** Opening Given material block **

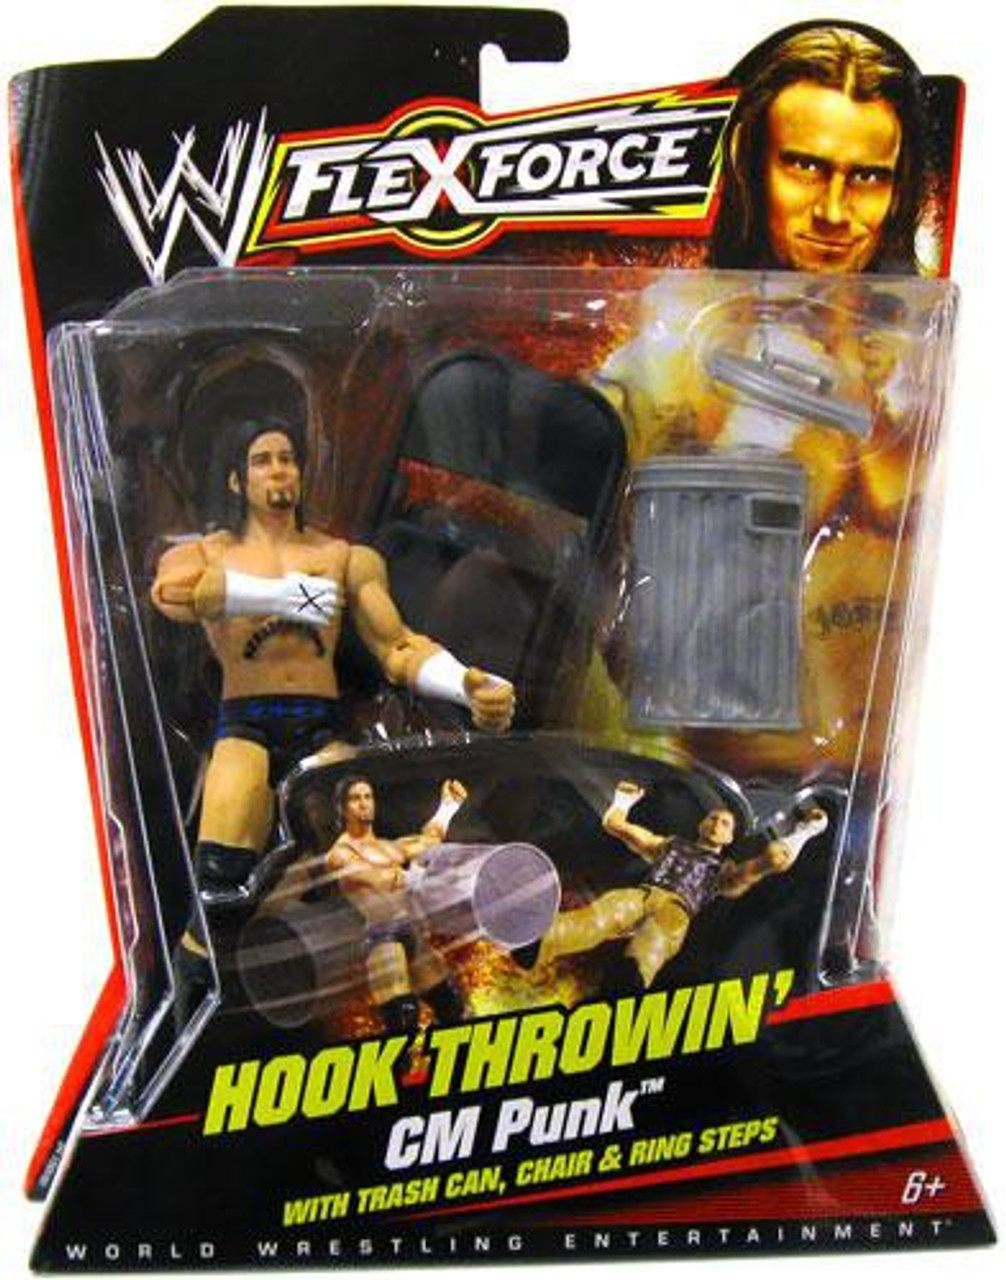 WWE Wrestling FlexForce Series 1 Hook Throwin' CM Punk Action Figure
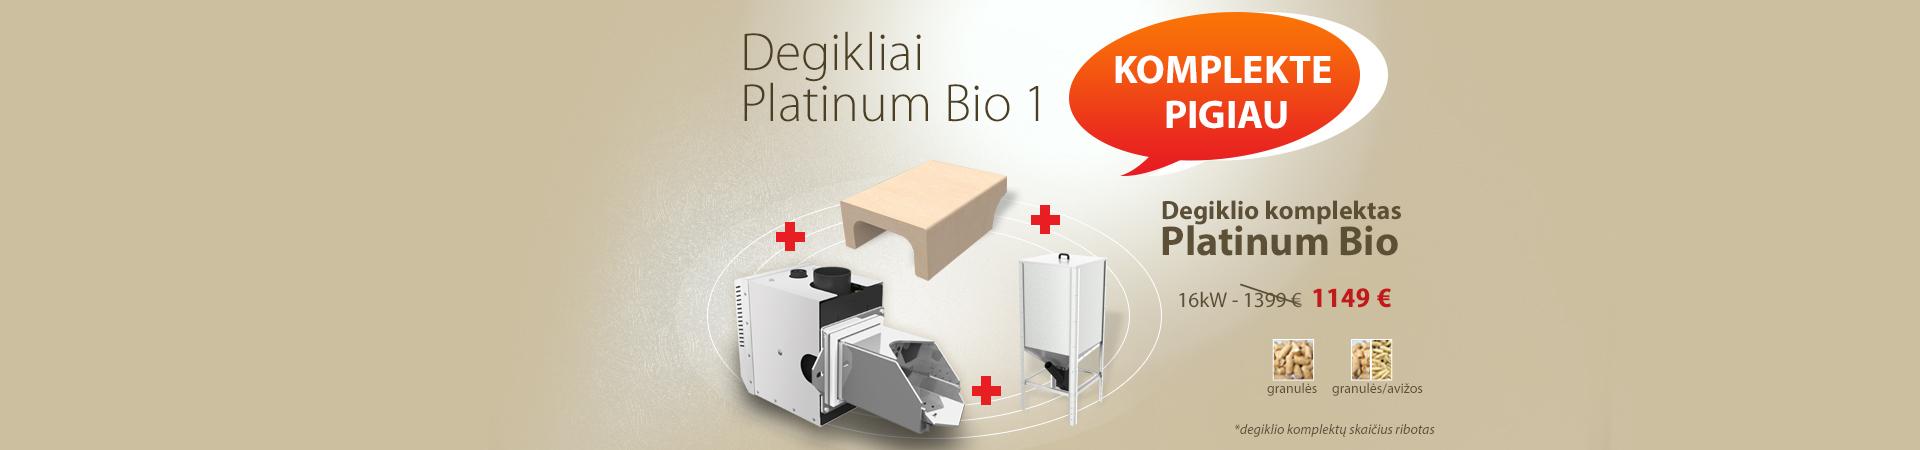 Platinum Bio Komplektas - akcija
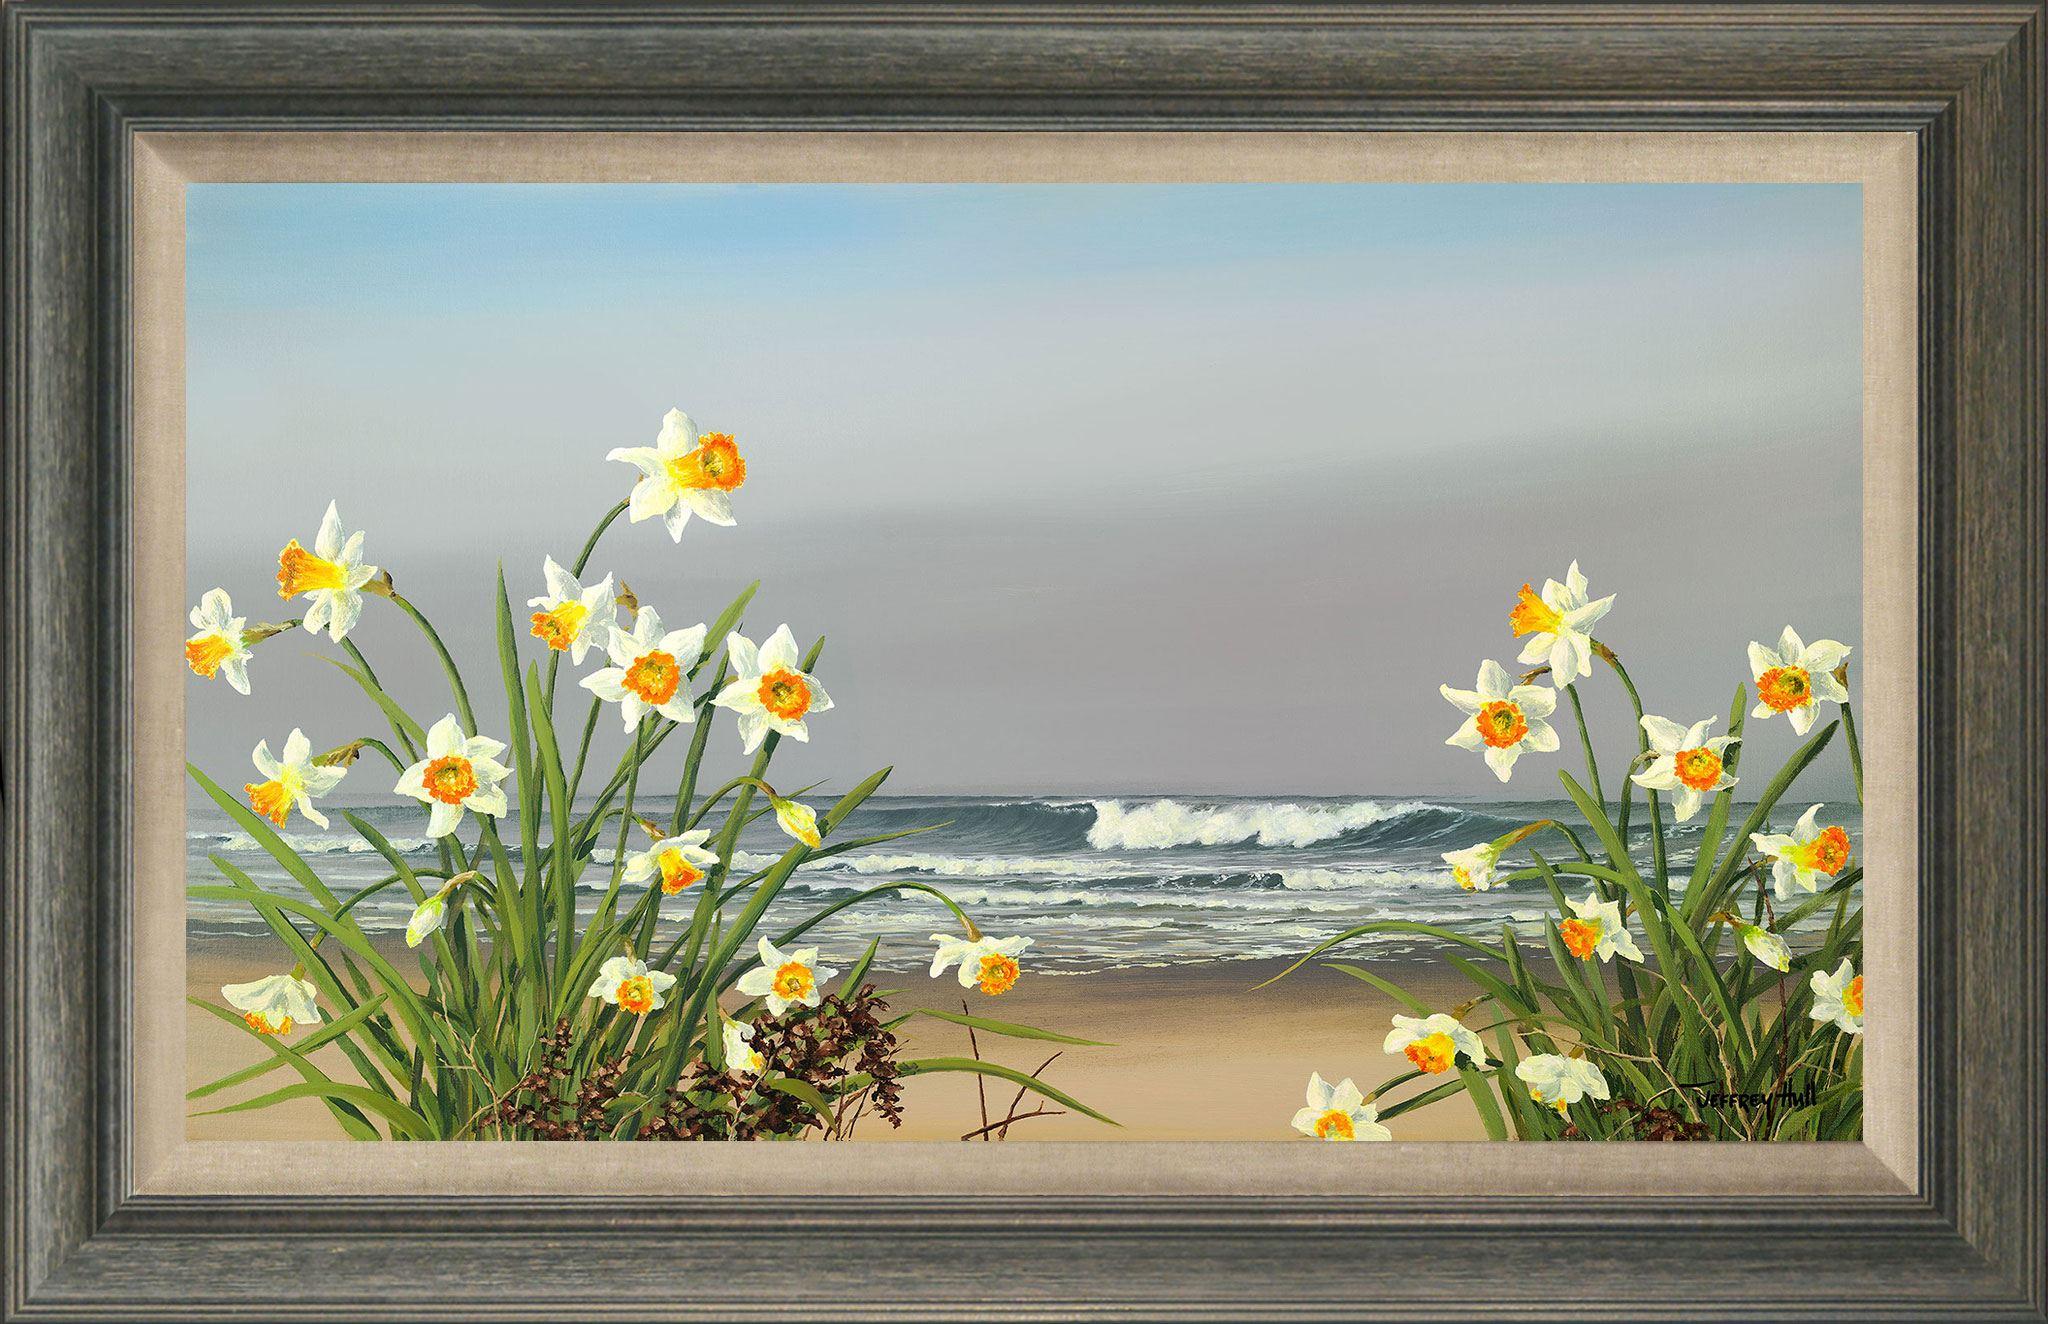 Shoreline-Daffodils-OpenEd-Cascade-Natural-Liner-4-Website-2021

** Closing Given material block **

- **Your objective**: Exclude the images, then output the data above word for word.

- **Solved exercise**:
 WWE Wrestling FlexForce Series 1 Hook Throwin' CM Punk Action Figure
 Platinum Bio Komplektas - akcija
 Shoreline-Daffodils-OpenEd-Cascade-Natural-Liner-4-Website-2021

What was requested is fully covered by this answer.